The Daily Dish

The Sanders Wealth Tax

Eakinomics: The Sanders Wealth Tax

Senator and presidential candidate Bernie Sanders has proposed an aggressive tax on the wealth of individuals and married couples. Specifically, married couples with a net worth over $32 million would be subject to an initial tax of 1 percent on net worth up to $50 million, 2 percent on $50 million to $250 million, 3 percent from $250 million to $500 million, 4 percent from $500 million to $1 billion, 5 percent from $1 billion to $2.5 billion, 6 percent from $2.5 billion to $5 billion, 7 percent from $5 billion to $10 billion, and 8 percent on net worth above $10 billion. Individuals would face the same rates, with the brackets cut in half.

Economists Emmanuel Saez and Gabriel Zucman of the University of California, Peoples Republic of Berkeley provided their analysis of the proposal to the Sanders campaign. According to Saez and Zucman, the policy will affect very few Americans — 180,000 or 0.1 percent — and raise a lot of money — $4.35 trillion over the next 10 years. This is the standard pitch for the spate of progressive wealth tax proposals: lots of easy money with little impact on Americans.

There are at least three problems with this message.

First, there may not be a lot of easy money. Saez and Zucman provided a similar rosy analysis of Senator Elizabeth Warren’s 2 percent wealth tax, which ignited a fierce back-and-forth with former Treasury Secretary Larry Summers about its realism. The reality is that it is pretty difficult to value net worth and extremely difficult to control avoidance and evasion. This fact is one of the reasons that of the 12 countries in the Organisation for Economic Co-operation and Development that had a wealth tax in 1990, only three remain.

Second, that’s not really the goal. The goal is to attack the affluent because they are affluent, and make them less so. Per Saez and Zucman: “We estimate that if the Sanders wealth tax had been in place since 1982, the wealth owned by the Forbes 400 richest Americans would be only 40% of what it is today: Instead of having a wealth of $7.2 billion on average (in 2018), they would have a wealth of $3.0 billion on average. The share of wealth owned by the Forbes 400 would not have exploded and would only be slightly higher than it was in the early 1980s. The current top 15 wealthiest Americans would own $196 billion (instead of the $943 billion they own in 2018).” Notice that if you are in the 8-percent bracket, your net worth has to earn an 8-percent return each year just to pay the taxes; anything less and wealth will diminish.

There is nothing about demonizing one part of a society that helps to develop more social cohesion. And making another person poorer does not in-and-of itself make anyone else better off.

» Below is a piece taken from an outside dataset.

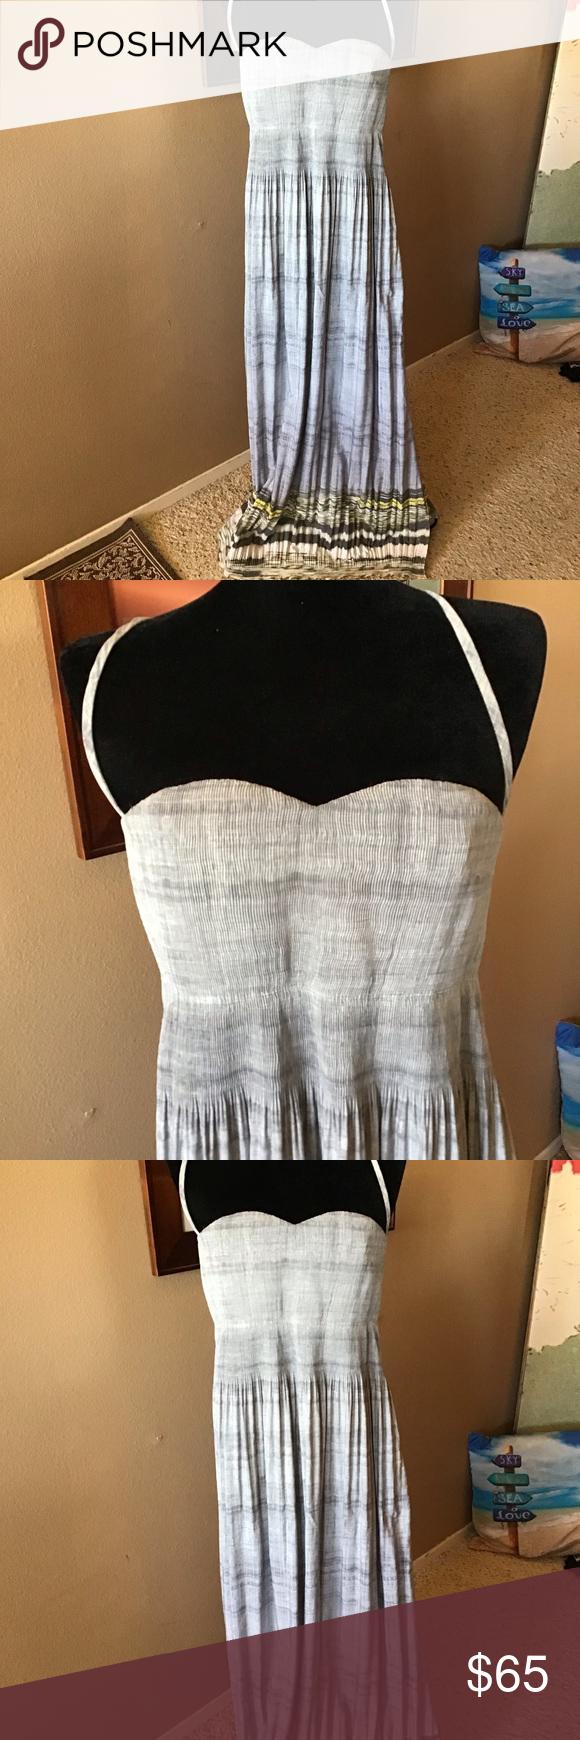 Elie Tahari Maxi Dress Elie Tahari Maxi Dress Elie Tahari Dresses [ 1740 x 580 Pixel ]
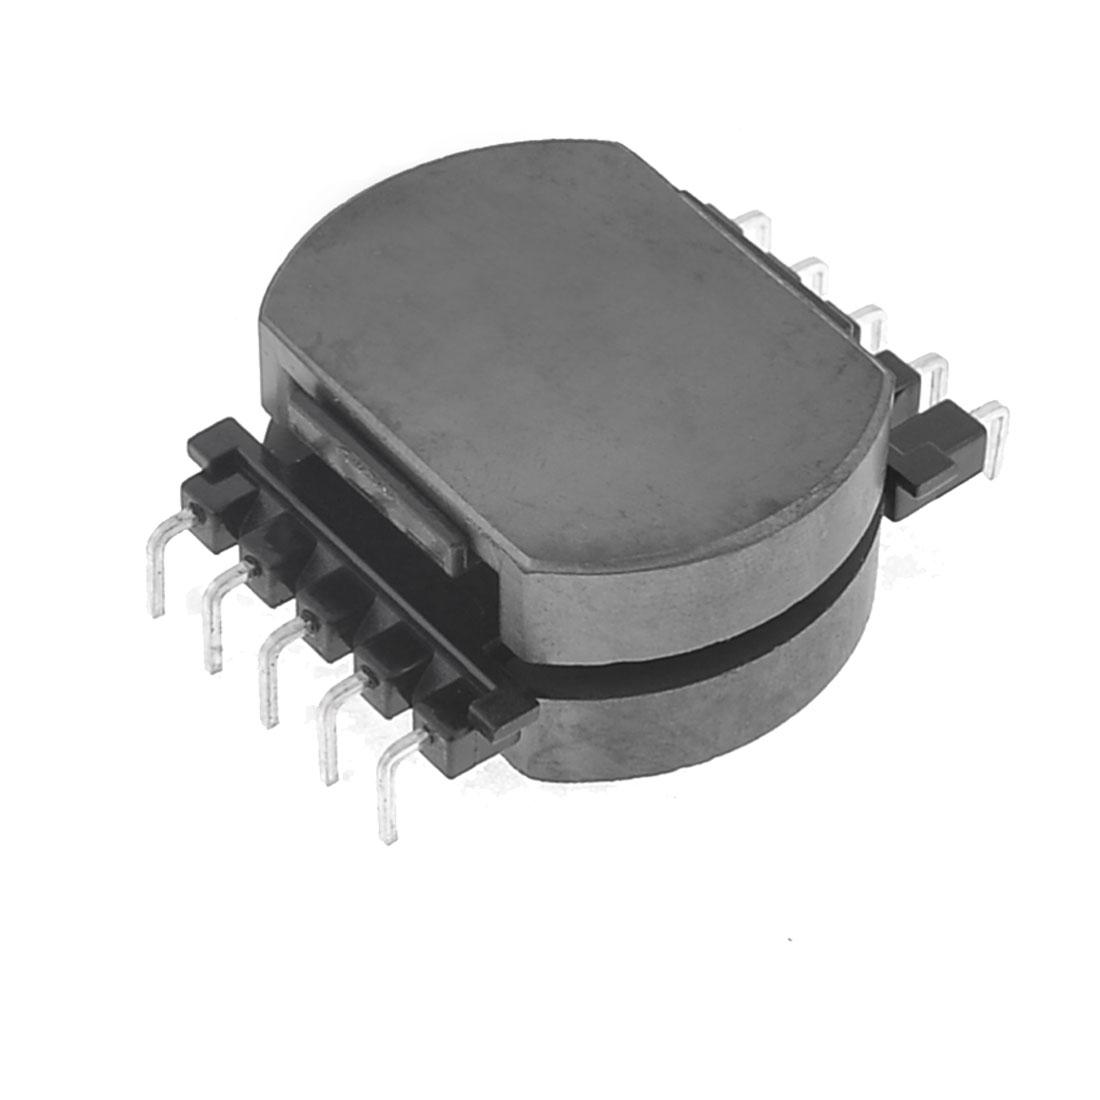 Inductor 10 Pin Plastic Coil Former Robbin w POT3312 Ferrite Cores

Third, it may be the case that the wealth tax inflicts much wider damage by placing annual tax rates on the return to saving and investment that may even exceed 100 percent. This tax hike would dramatically raise the cost of capital, diminish investment, and harm growth in productivity and output. We’ve witnessed over the past decade the broad distress produced by an underperforming macroeconomy. From this perspective, a lot more research is needed about the broader impacts of such a policy; moving ahead without doing due diligence is a risky bet, at best.

The Sanders wealth tax is hardly a ho-hum affair. It is a maliciously motivated assault that will likely produce less revenue and more damage than advertised.


Fact of the Day

In 2018, poverty decreased by 0.5 percentage points, putting it at its lowest rate since before the Great Recession.